Other examples: ddxddx -> dxdx , abbab -> abab.

The rule is that :

if (adjacent and same): merge

# Such as 'abc',they are same and , so I will delete one of them .
# Although 'dx' is same as 'dx',they are nonadjacent,so I do not delete any of them
# If one character has been deleted, we don't delete any sub-string include it 

I did it in my code in python,but it's slow when did in a long string.

# original string
mystr = "dxabcabcyyyydxycxcxz"
str_len = len(mystr)
vis = [1] *str_len #Use a list to mark which char is deleted

# enumerate the size of sub-str
for i in range(1,str_len):
    # enumerate the begin of the sub-str
    for j in range(0, str_len):
        offset = 2 #the size of sub-str + 1
        current_sub_str = mystr[j:j+i]
        s_begin = j+i*(offset-1)
        s_end = j+(i*offset)
        # delete all of the same char
        while((j+(i*offset) <= str_len) and current_sub_str == mystr[s_begin:s_end]
              and 0  not in vis[s_begin:s_end] and 0  not in vis[j:j+i]):
            vis[s_begin:s_end] = [0] * (s_end - s_begin) #if I deleted it ,mark it as 0
            offset += 1
            s_begin = j + i * (offset - 1)
            s_end = j + (i * offset)

res = []
for i in range(0,str_len):
    if(vis[i]!=0): res.append(mystr[i])

print "".join(res)

Is there any faster way to solve it?

update April 29, 2017

Sorry, it seems to like a XY problem.On the other hand,it maybe not. there is the content

I was coding for a web spider and got many 'tag-path's like those

ul/li/a
ul/li/div/div/div/a/span
ul/li/div/div/div/a/span 
ul/li/a
ul/li/ul/li/a
ul/li/ul/li/a
ul/li/ul/li/a
ul/li/ul/li/a
ul/li/ul/li/a
ul/li/ul/li/a
ul/li/ul/li/a
ul/li/ul/li/a
ul/li/a
ul/li/ul/li/a
ul/li/ul/li/a
ul/li/ul/li/a
ul/li/ul/li/a
ul/li/ul/li/a
ul/li/a
ul/li/ul/li/a
ul/li/ul/li/a
ul/li/ul/li/a
ul/li/ul/li/a
ul/li/ul/li/a
ul/li/ul/li/a

As you see,there are some 'tag-path' did a same way,so I wanted to collapse them to find is there any other 'tag-path's have the same structure. After collapsing, I get the 'tag-path' like this.

ul/li/a
ul/li/div/div/div/a/span
ul/li/a
ul/li/ul/li/a
ul/li/a
ul/li/ul/li/a
ul/li/a
ul/li/ul/li/a

This is only my idea and I didn't know whether it is suitable to do in this way.(After trying, I chose another way to do it.

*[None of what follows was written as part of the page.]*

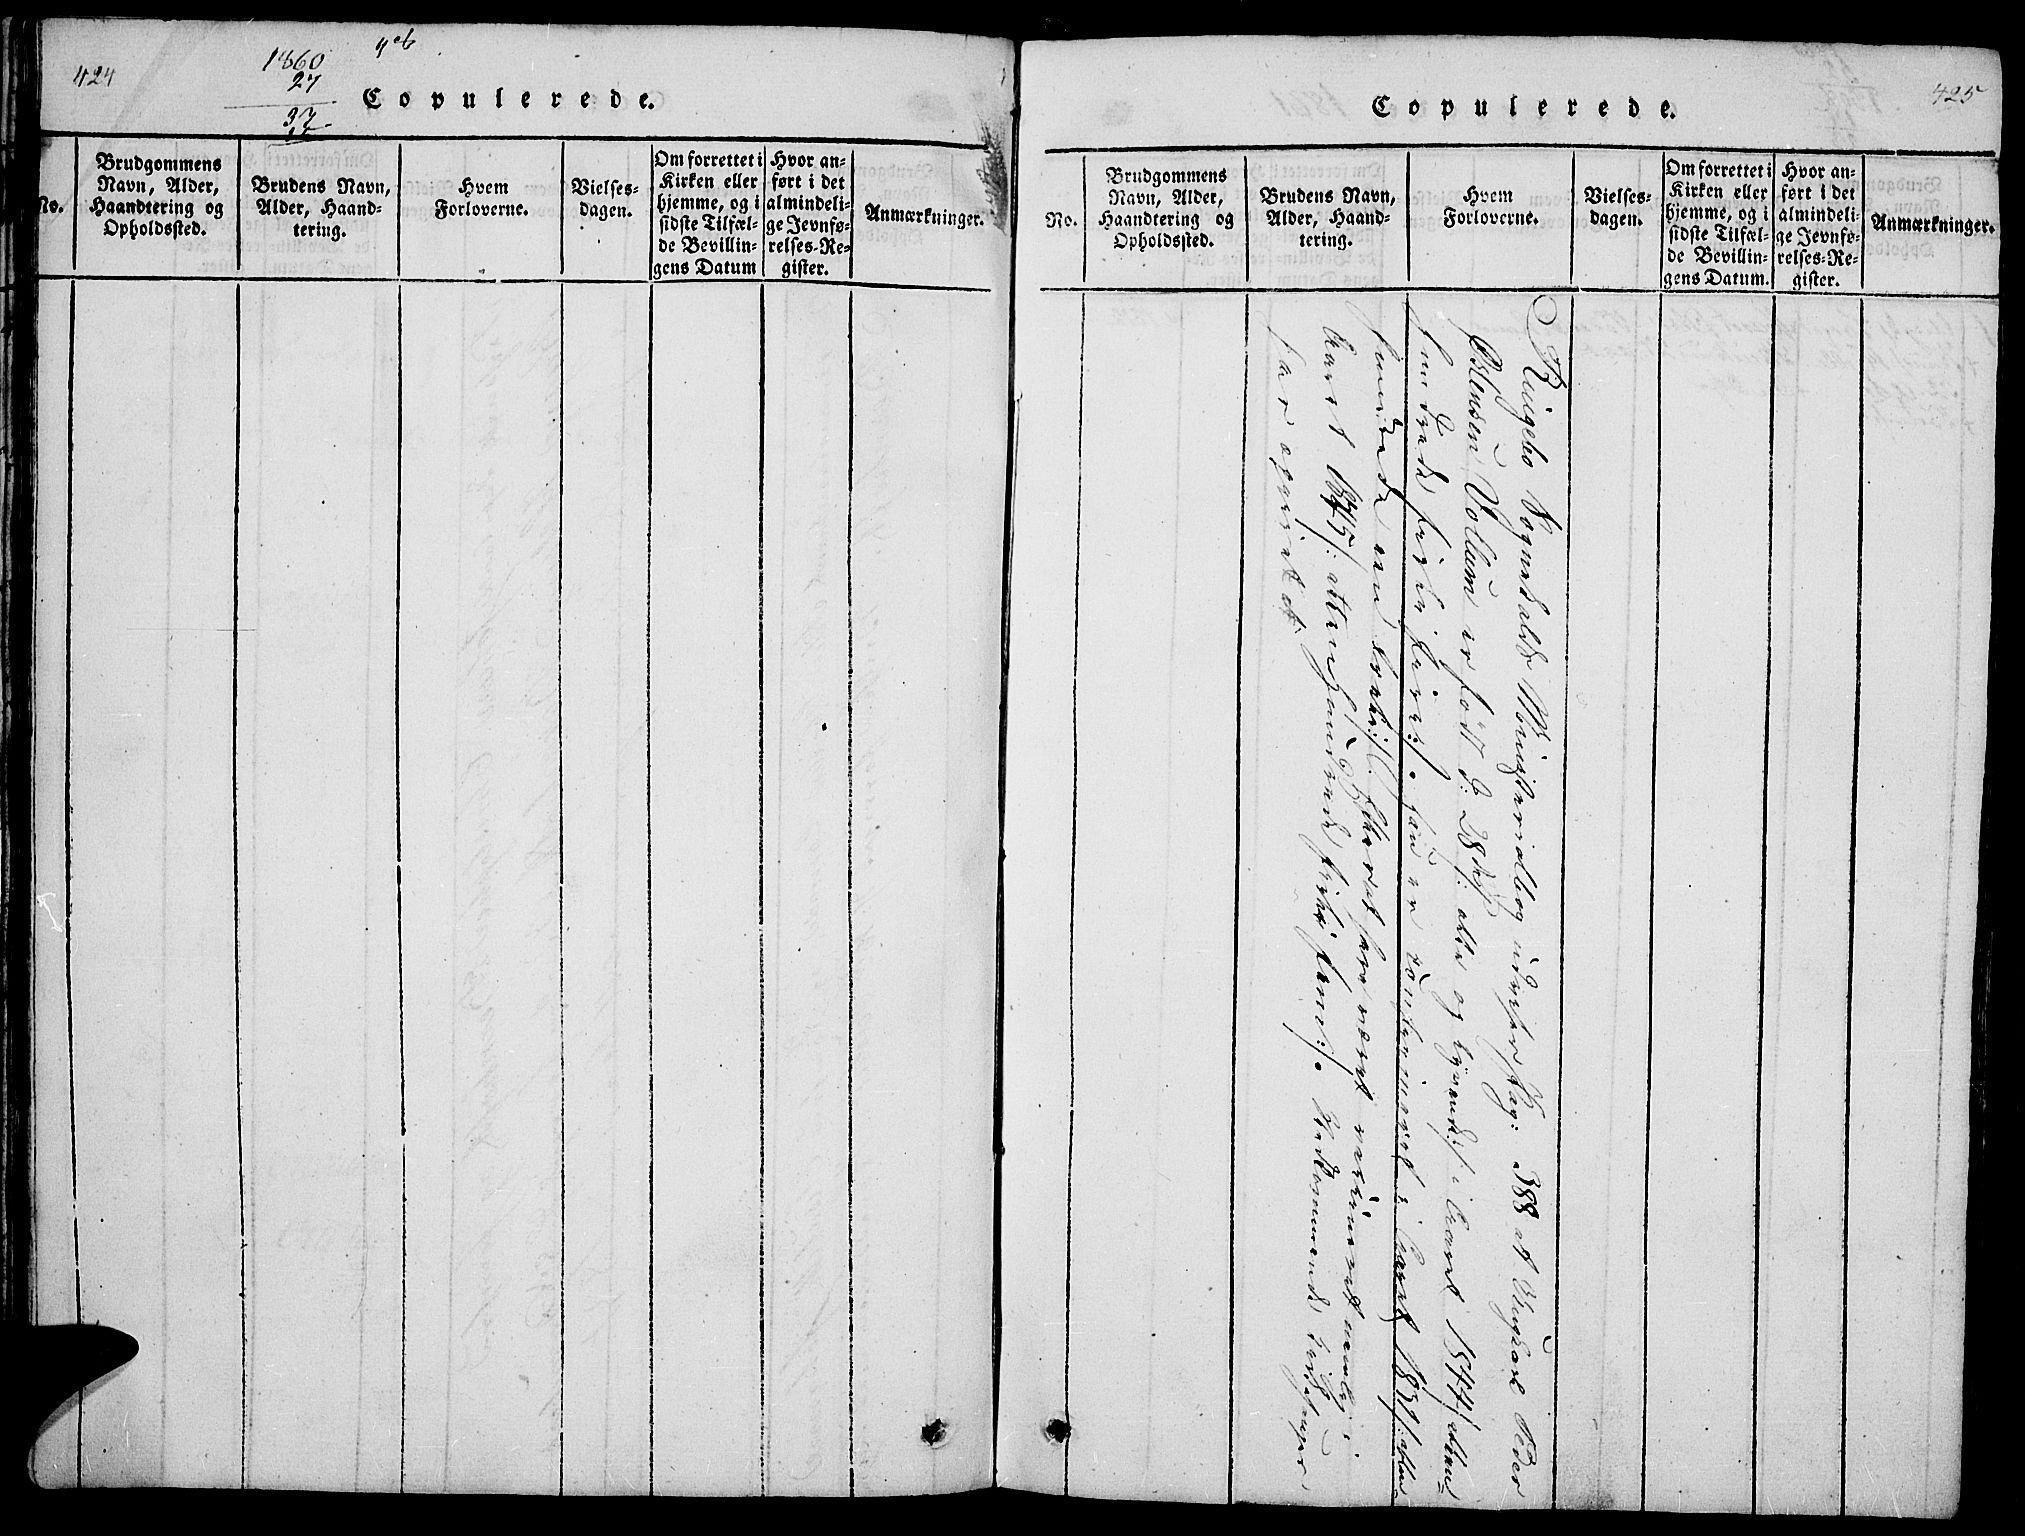 SAH, Ringebu prestekontor, Klokkerbok nr. 1, 1821-1839, s. 424-425

However there is an interesting question like a ACM question.

So I simplify one 'tag-path' to a character and ask for help.Because I didn't do a fast way by myself. Actually, the question has many corner cases that I don't mind and thank all for helping me complete it.

Thanks all.

Answer 1

Behold the power of regex:

>>> import re

>>> re.sub(r"(.+?)\1+", r"\1", "dxabcabcyyyydxycxcxz")
'dxabcydxycxz'

>>> re.sub(r"(.+?)\1+", r"\1", "ddxddx")
'dxdx'

>>> re.sub(r"(.+?)\1+", r"\1", "abbab")
'abab'

This looks for a sequence of 1 or more arbitrary characters (.+?) (as a non-greedy match, so that it tries shorter sequences first), followed by 1 or more repetitions of the matched sequence \\1+ , and replaces it all with just the matched sequence \\1 .

Answer 2

This can be a start:

for i in range(len(string)):
    for j in range(i + 1, len(string)):
        while string[i:j] == string[j:j + j - i]:
            string = string[:j] + string[j + j - i:]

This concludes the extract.